После обеда пришел спокойный Воронихин и попросил до завтра выпустить ТЗ.
– У вас этим, кажется, теперь Мокашов занимается.
– Как? – вскричал Вадим, – Ни в коем случае. Там по меньшей мере на неделю работы.
– Тогда я объявлю вам выговор.
– Хоть два, – мгновенно успокоившись, ответил Вадим. – А где это записано?
– В план-графике по ТМК – тяжелому межпланетному кораблю, – продолжал Воронихин, и голос его поскрипывал, как мел по доске, а за его спиной стояла экономист Ольга Васильевна с планами в руке.
– Почему я не знал об этом? – горячился Вадим.
– Это вас нужно спросить: почему не интересуетесь?
– А когда срок?
– Завтра.
– А график подписан?
– Неделю назад, – сказал Воронихин.
– Мы от ведущего только сегодня получили, – вмешалась Ольга Васильевна.

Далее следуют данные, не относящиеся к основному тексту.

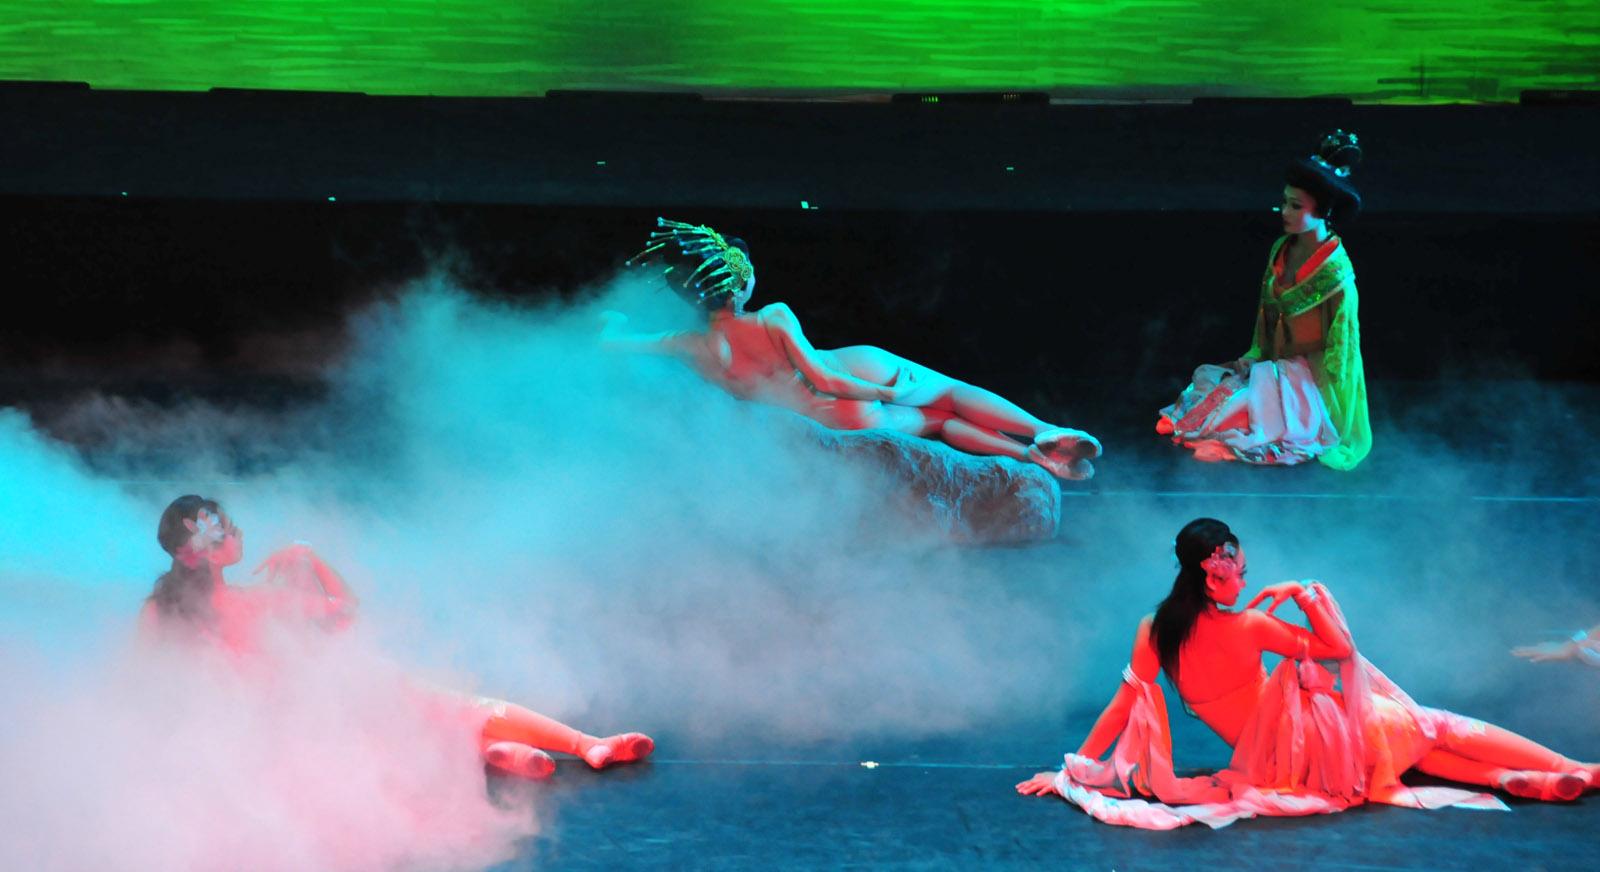 Quatro atrizes em poses sensuais encenando espetáculo sobre concubinas da dinastia chinesa Tang
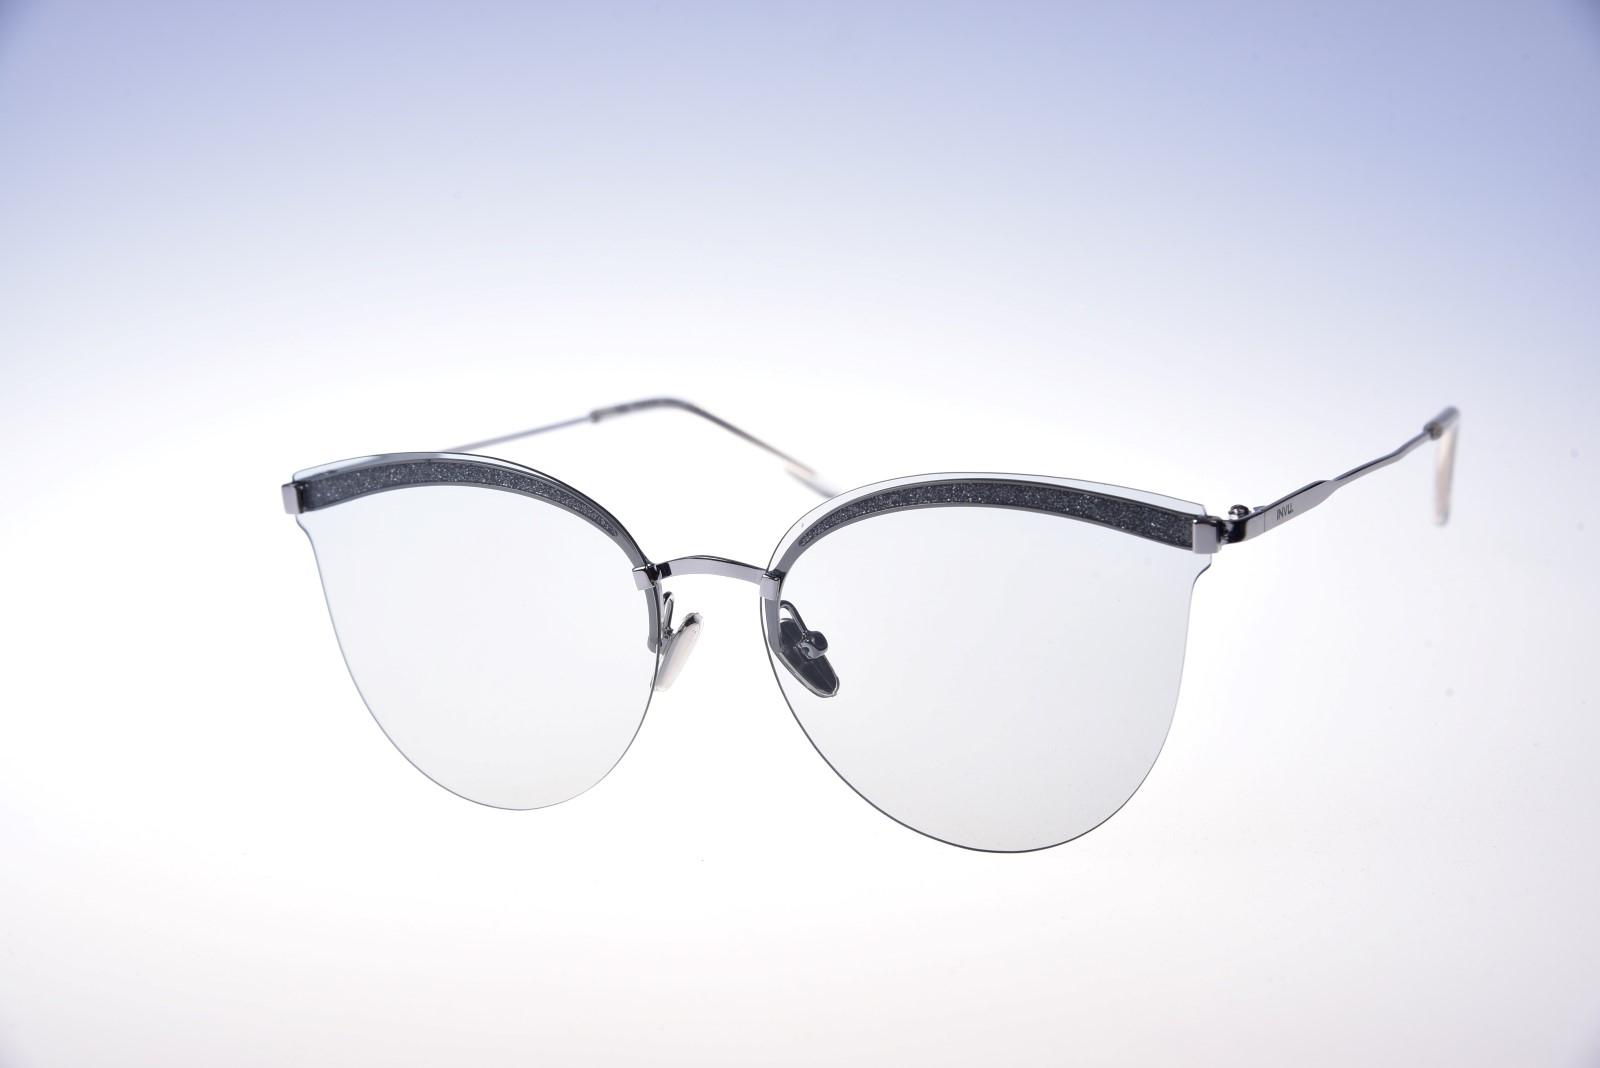 f5fa20c51 INVU. Trend T1913B - Dámske, pánske a detské slnečné okuliare ...

– Теперь это не имеет значения, – продолжал Воронихин. – Можете сидеть всю ночь. Можете оставить группу. Оформляйте разрешение.
– Ну, как же так, Владимир Палыч? – уже обычным голосом спросил Вадим.
– Из-за подобного считают, что теоретикам можно любые, даже отрицательные сроки записать. Мол, что им стоит карандашиком почиркать. А мы на головах стоим.
– Хорошо, я поговорю с ведущим. Это, действительно, непорядок, – Воронихин вышел. А Вадим опять сделался насмешливо спокойным. Спросил Мокашова: "Вы всё поняли, товарищ Мокашов?" И тут же начал крутить диск телефона.
Ознакомительная версия.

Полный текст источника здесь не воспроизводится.